Эжен отодвинул стул и присел на краешек. Неуютно здесь было. Простая, но всё же чистая и аккуратная обстановка в комнате, так отличавшаяся от того, что привык видеть Эжен, возможно, и вела к неловкости, а только главное, что мешало Эжену, была странная натянутость, и молчание, и угрюмый взгляд сестры, уже надевшей поверх домашнего платья поношенный салопишко и накинувшей на плечи платок. Словом, приход его нарушил обыкновенное течение жизни здесь, и теперь он думал, не уйти ли ему — но всё же решился задержаться немного.
— А что же, отчего вы так устроились? — спросил он оглядываясь.
— Ах, Енюшка! Да ты ведь и не знаешь ничего, я и не писала к тебе — почто тревожить напрасно? Ты видишь, как…
— Да, Еня, ты видишь, как матушка любит тебя, — а ты и позабыл нас вовсе! — вставила сестра. — Это вовсе…
— Да что ты говоришь такое, Господь с тобой! — прервала её мать. — И к чему бы Енюшке, такому важному, о нас с тобою думать? Совсем ни к чему.
— Так что же случилось?
— Много всего, так и не упомнишь… Сначала неурожай в деревнях был, — денег нет; потом дом сгорел наш, мы с Марьюшкой в Петербург переехали, братец мой помог, вечная ему память!

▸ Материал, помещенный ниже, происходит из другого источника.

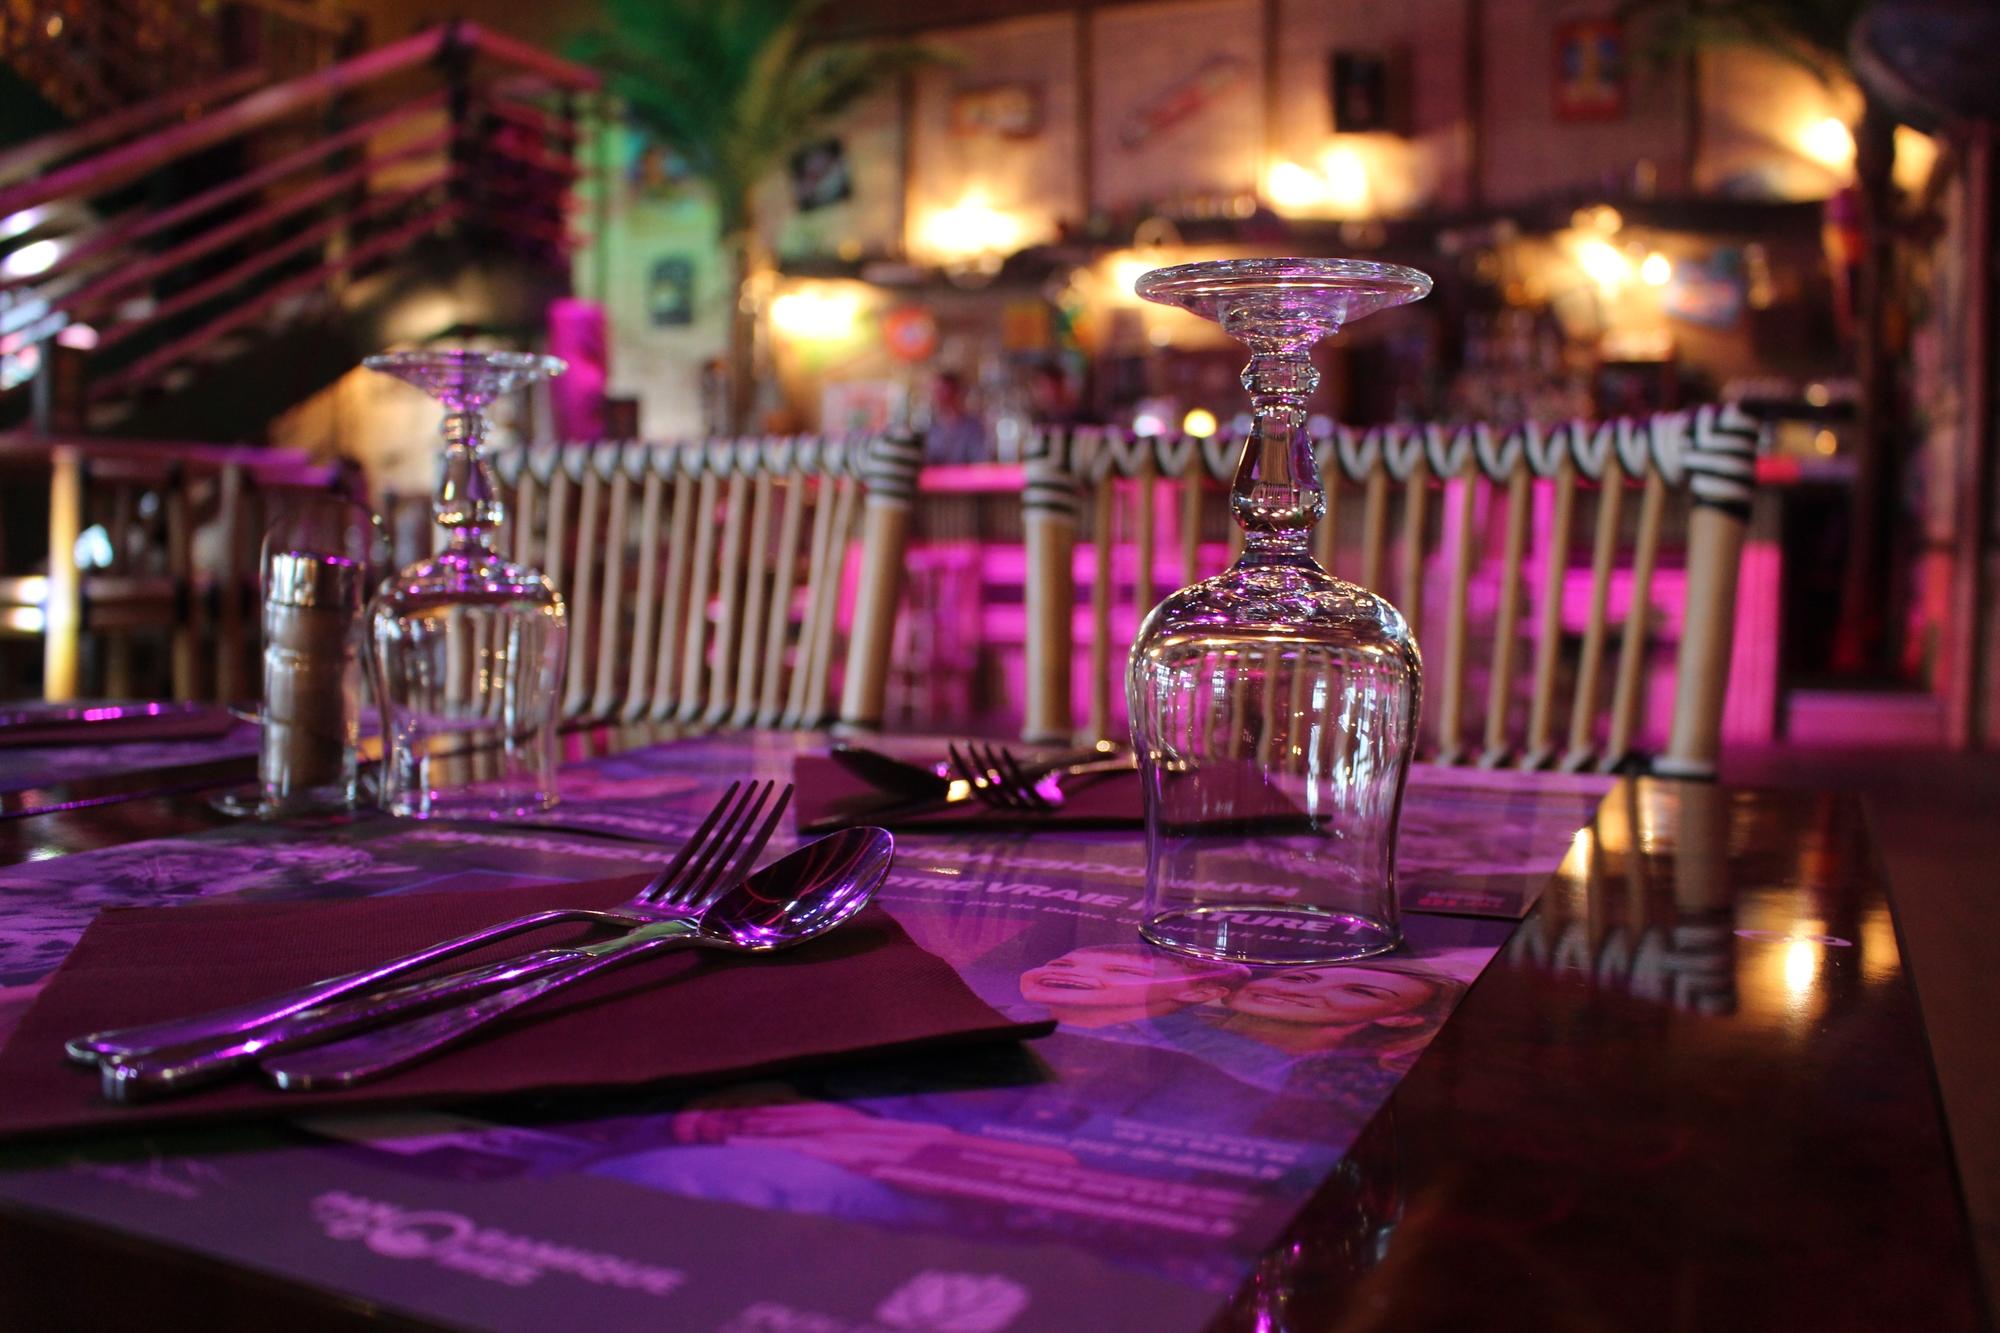 Restaurant Pu Pu Platter's – Mozac
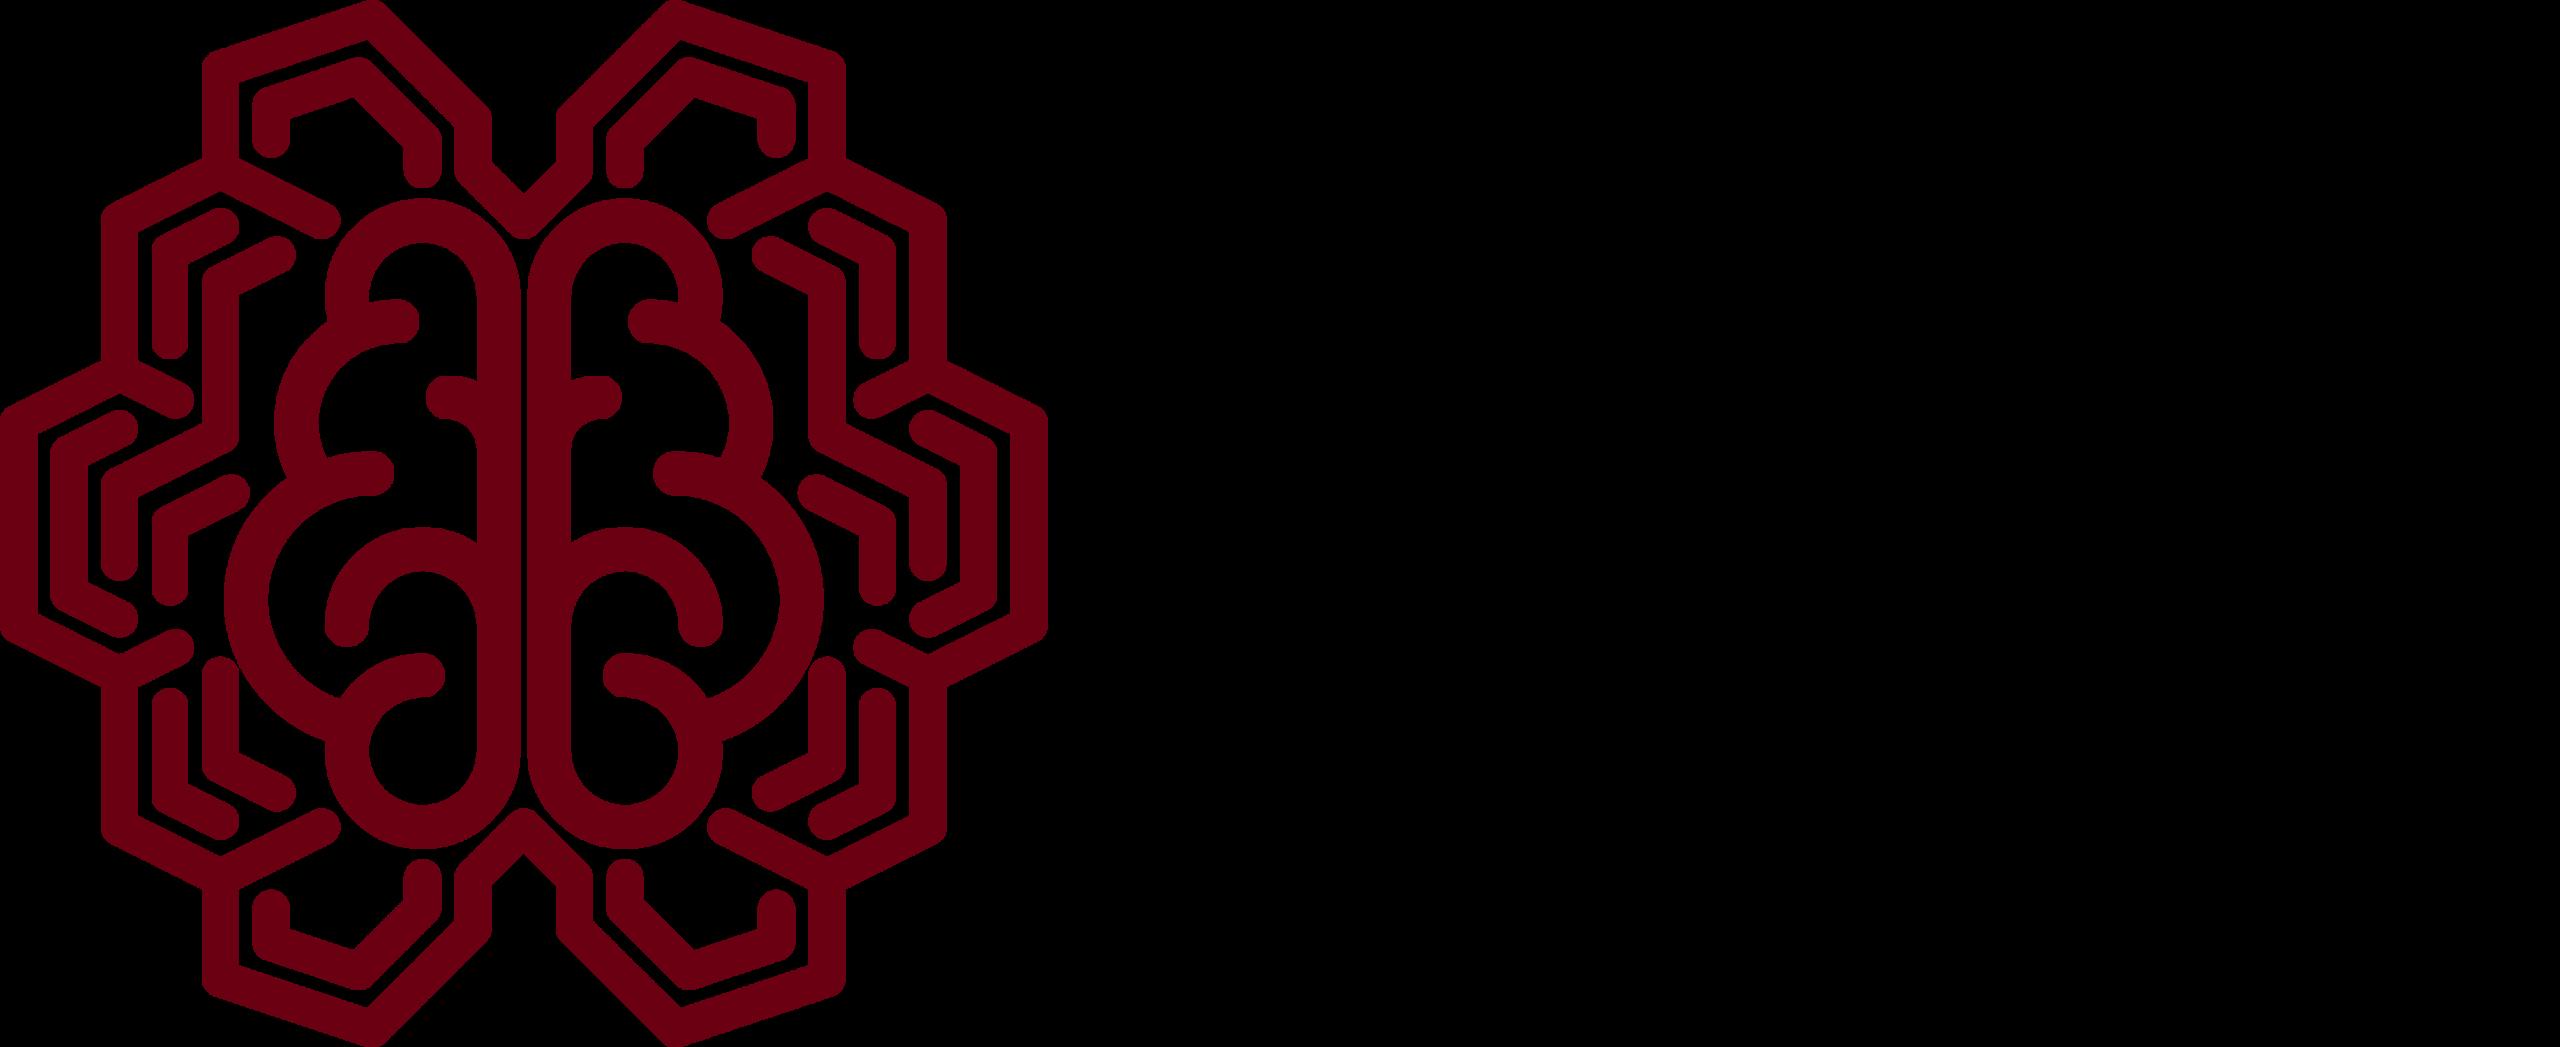 defrg.org

Да только как братец-то умер, так опять жить не на что стало: вот Марьюшка место в театре получила, перебиваемся кое-как.
— Я не знал… — пробормотал Эжен. — А когда б знал, то помог бы вам чем-нибудь, и денег бы не просил…
Он посидел здесь ещё немного, встал, поклонился растеряно и вышел.
На крыльце дома, как и в прошлый свой визит, Эжен увидал Петра Иваныча — тот, улыбаясь, поправлял галстух и взбивал волосы на висках.
— А, Евгений Николаевич! — сказал он, протягивая Эжену руку. — Моё почтение… вы, как я вижу, снова пришли сюда и снова же сделались моим противником?
Эжен руки не пожал и только ответил:
— Добрый день… а впрочем, я с вами и знаться не хочу.
— Что ж, никто не может заставить человека знаться с кем-нибудь! Хотя я надеюсь, что Марья Николаевна всё же сочтёт моё знакомство более приятным; я, вы знаете, приготовил ей один маленький сюрприз, — так, пустяк. Вот не угодно ли взглянуть, — сказал он, показывая покрасневшему Эжену перетянутые ленточкой ассигнации, — пять тысяч на серебро… Узнаёте, я чай?
И Пётр Иваныч скрылся в дверях.
Прежде Эжен сомневался, стоит ли ему прислушаться к словам К-ина и отомстить Петру Иванычу, то есть так же, как он, обмануть его. Что, в самом деле, за глупость придумал К-ин! Ему, Евгению Николаевичу Р-ому, и пойти против всех правил чести? Немыслимо! Но теперь, когда Эжен наконец уверился в том, что Пётр Иваныч подлец, он перестал и сомневаться в том, что́ он будет делать.
Решено — и дело с концом.
О нём, конечно, заговорят, и заговорят дурно; пусть их говорят, ему уже всё одно. Он больше не может терпеть, что над его сестрой смеётся человек столь низкий, что он и её, того и гляди, утащит за собою в бездну низости, мерзости и подлости!..
А то, что он получит с Петра Иваныча, он отдаст матери и сестре, — им нужнее, чем Эжену, деньги.